Coming from the Highest Court in the land, his words have huge impact and meaning. Here in Florida, the governor and legislature took on a program that also criminalized immigrant and black voters. Governor Rick Scott's voter purges made a spectacle of targeting immigrants and the legislatures targeting of voter laws which conjured voter fraud by black voters. Their actions and words from the highest authority makes it open season to continue to attack the equal rights of all citizens.

Moreover, his words from the bench denigrates, for all Americans, the value, privilege, and responsibility of voting. Calling it a handout for one group, makes it cheap for everyone. Such language is alarming from any source but even more irresponsible when it comes an institution of such powerful and legal authority as the Supreme Court. Ronald Reagan's imagery and implicit racial attack on welfare queens and drugs led to the elimination of a social safety net for poor families and the development of a mass incarceration industry that steals the potential of black and brown children away from our schools and into our jails.

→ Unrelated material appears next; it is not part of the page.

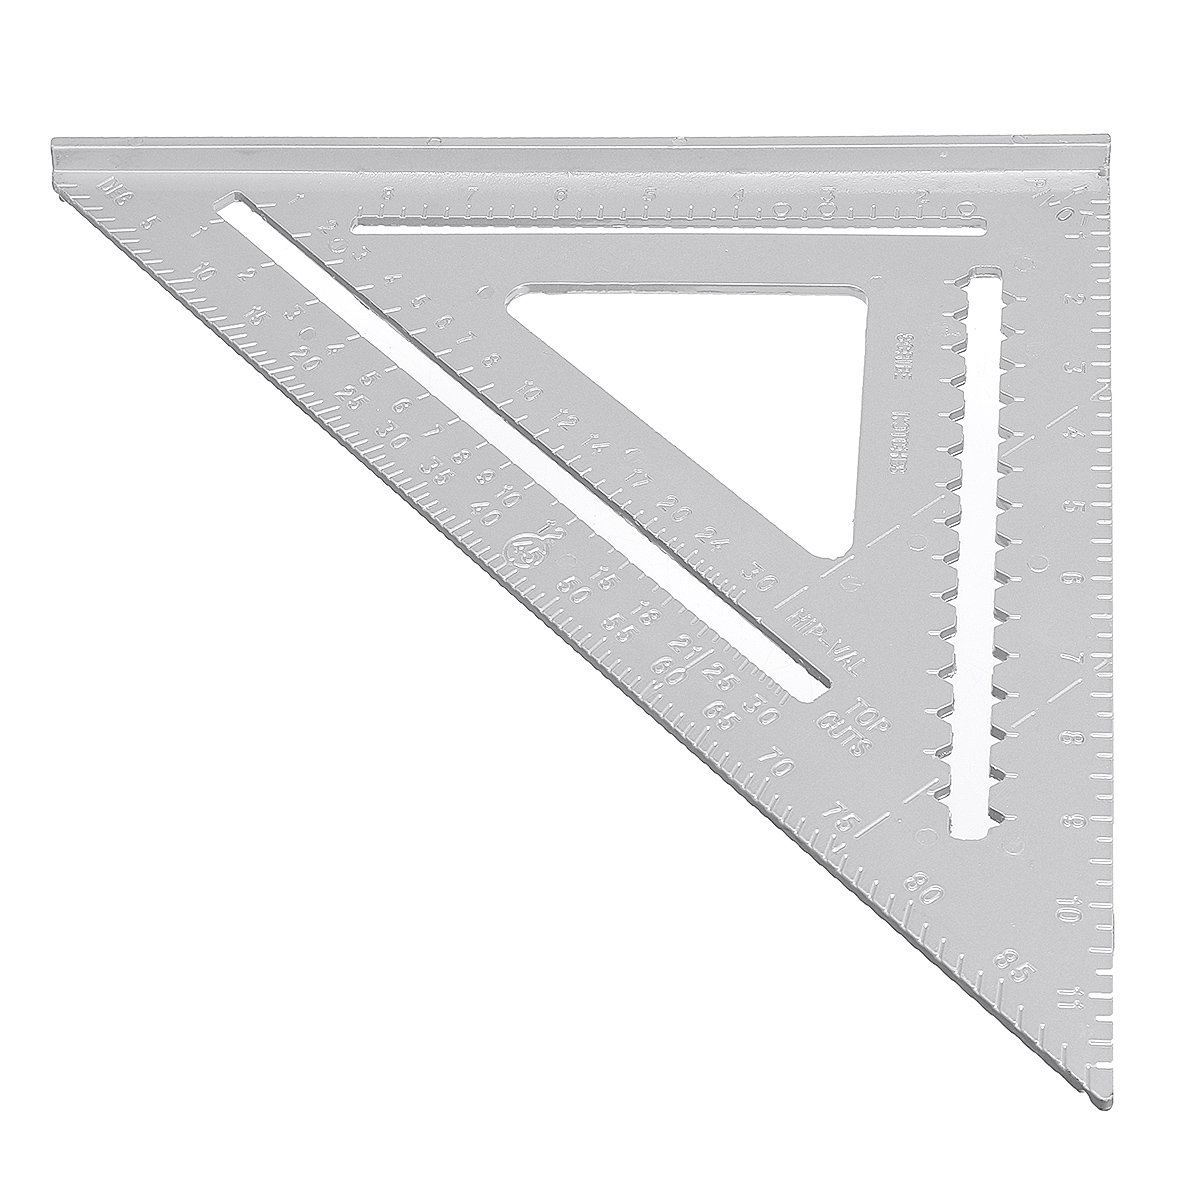 12inch-Aluminum-Alloy-Right-Angle-Triangle-Ruler-Protractor-Framing-Measuring-Tools-1597414-3

Justice Scalia's impact could be even more destructive. If you follow the path down the road, it is an early rationalization for limiting and creating tiers of citizenship rights which will invariably be directly tied to merit, conduct, good behavior, hard work, and countless other mazes. Those like Reagan's program, had racial undertones and impacts written all over them. In doing so, it takes voting off the sacred alter of American ideals and puts it on the chopping block of things that people don't deserve, either in the name of fiscal austerity or moral/racial qualification. It takes us way back, and sets up for divisive conflict, a divide that many have shed blood to get across.